As such, we’re forced to note a strain of novelized near-bigotry in the work the editors have been producing. In their dunderhead editorials, Hispanics are the very good people—and native-born Alabamans are not. The native-borns are “xenophobes,” of course, though that isn't what their reporter said. (The editors love to throw bombs all around.) And to the extent that they may need jobs, these chimps don’t exist at all. Just read what the editors wrote about the way no one could possibly gain from the new state law (see THE DAILY HOWLER, 10/20/11).

Sorry, but there’s a strain of near-bigotry in such work. If you can’t see that from the editors’ scribbles, you may be a redneck too!

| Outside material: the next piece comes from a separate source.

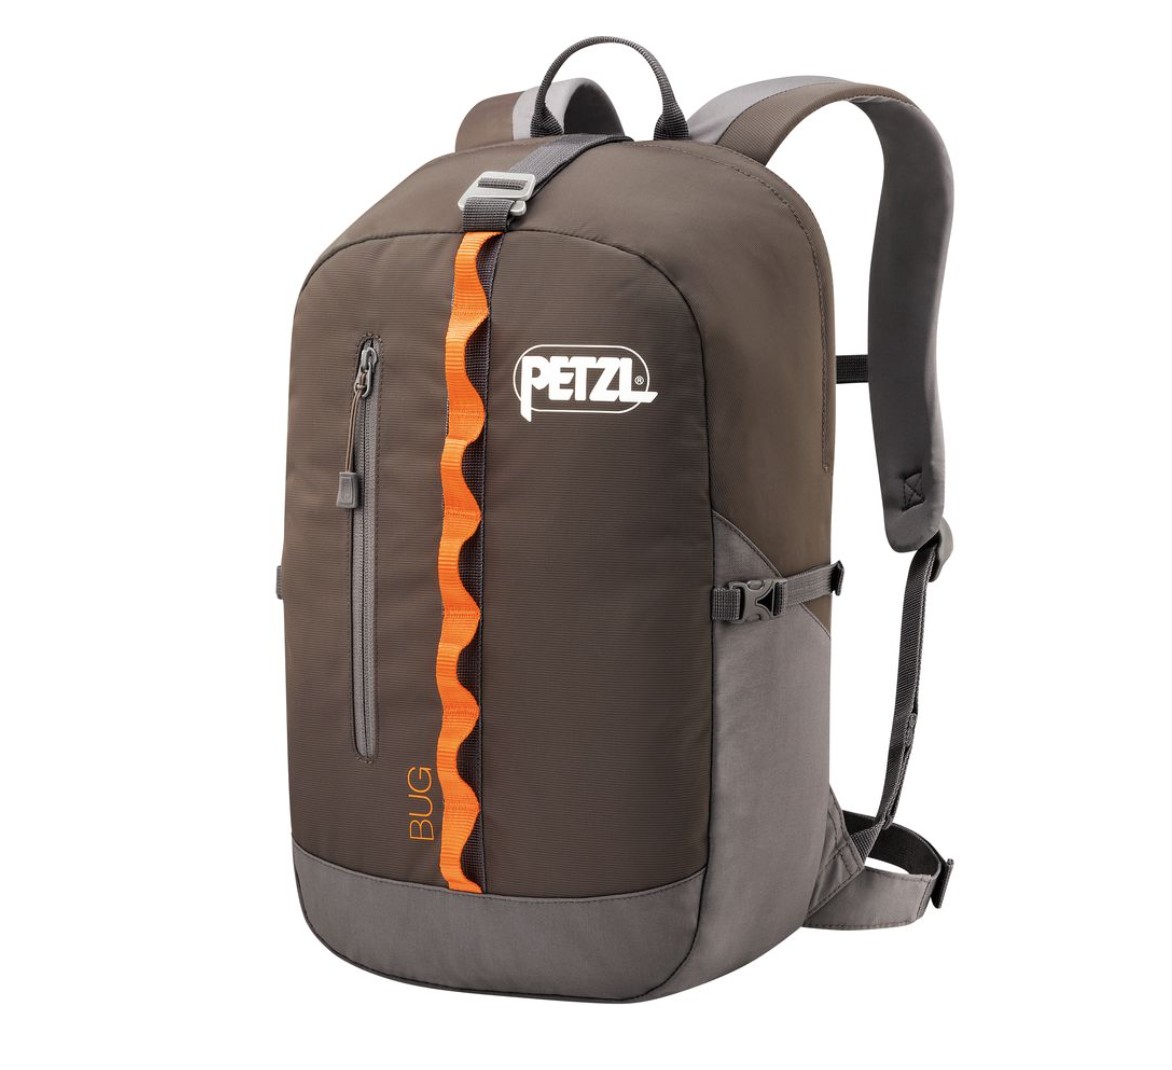 petzl bug climbing backpack review

It’s hard to have sufficient contempt for the work of these insular, upper-class “editors.” They wear their prejudices on their sleeve—and these prejudices align with those of many Times readers. Robertson made little attempt to explore the claim that native-born, working-class Alabamans are being harmed by the influx of undocumented workers; the editors made no attempt to consider these people’s interests. Neither did your darling Rachel Maddow when she told you, by inference, that those native-born working-class people murdered four children in 1963, back on Birmingham Sunday. (See THE DAILY HOWLER, 10/18/11. Remember when liberals used to complain about guilt by association?) Neither did Judy Woodruff, when she pretended to conduct a discussion of this law on the NewsHour.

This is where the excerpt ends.